WHAT TO DO: After finding the line with "Køb stilfuldt julepynt hos KAiKU" in the data below, set down exactly each line through the one with "Assorted Pack (3", inclusive, and stop there.

THE RECORDS:
*** Begin section ***

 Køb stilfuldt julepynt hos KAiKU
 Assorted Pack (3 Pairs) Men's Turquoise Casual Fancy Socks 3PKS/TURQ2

*** End section ***
*** Begin section ***

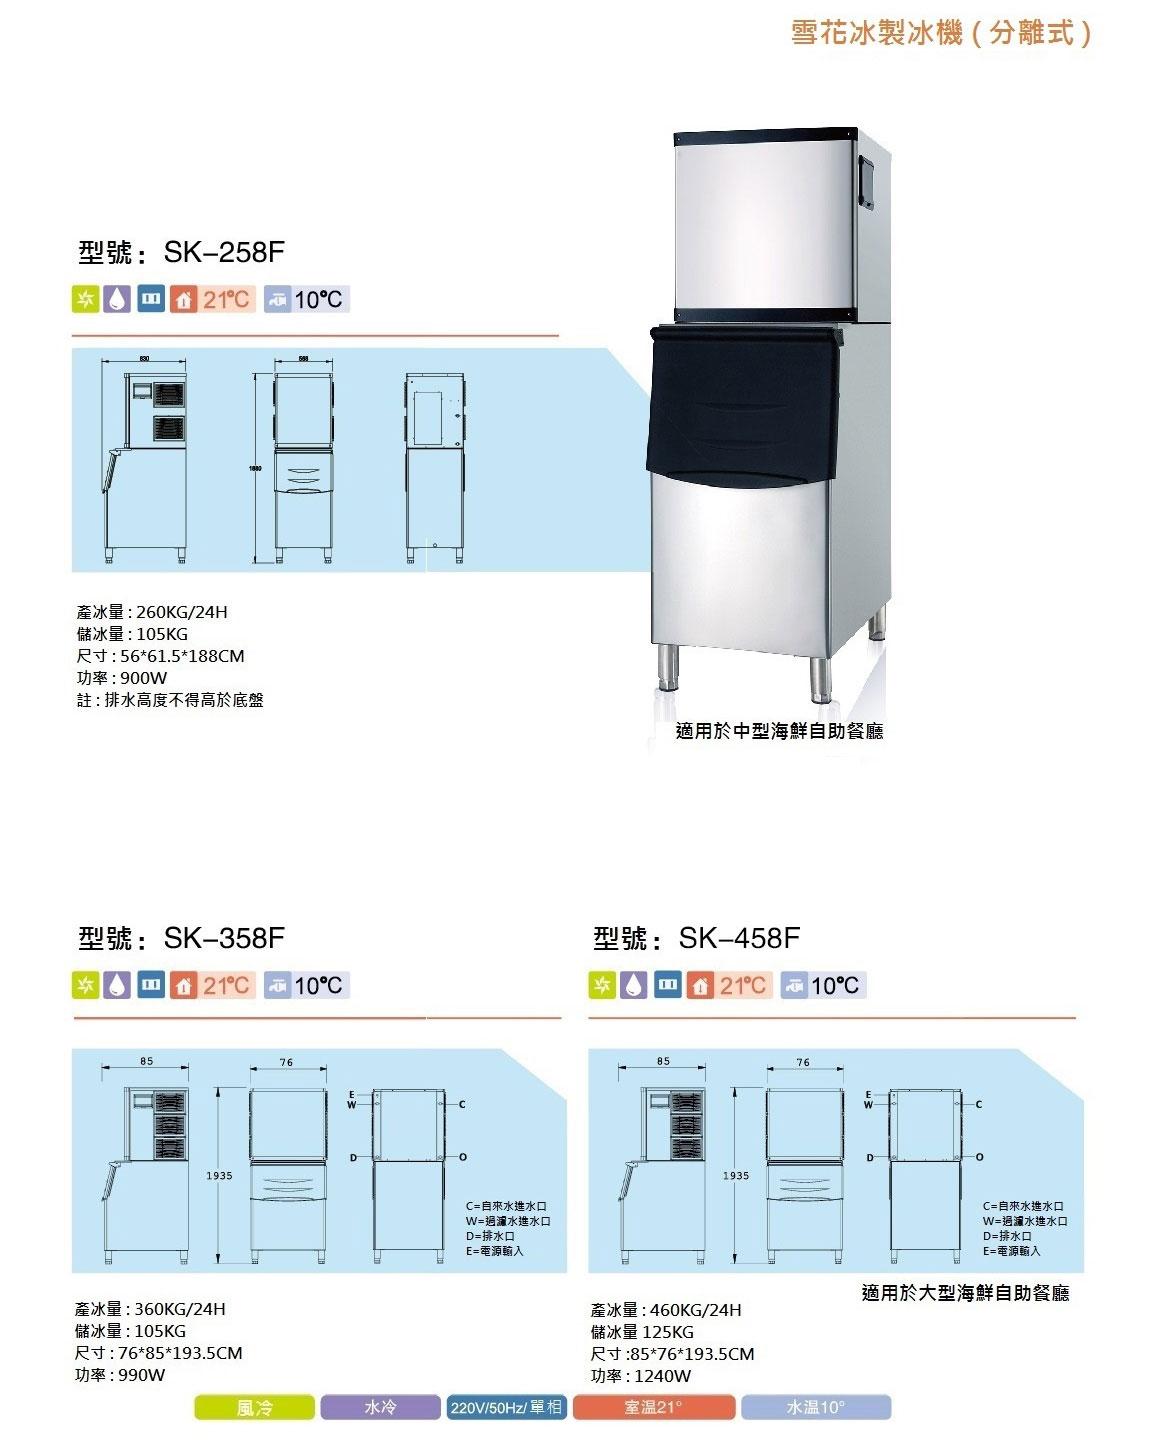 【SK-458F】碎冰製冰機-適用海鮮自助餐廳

*** End section ***

ANSWER SPACE:
 Køb stilfuldt julepynt hos KAiKU
 Assorted Pack (3 Pairs) Men's Turquoise Casual Fancy Socks 3PKS/TURQ2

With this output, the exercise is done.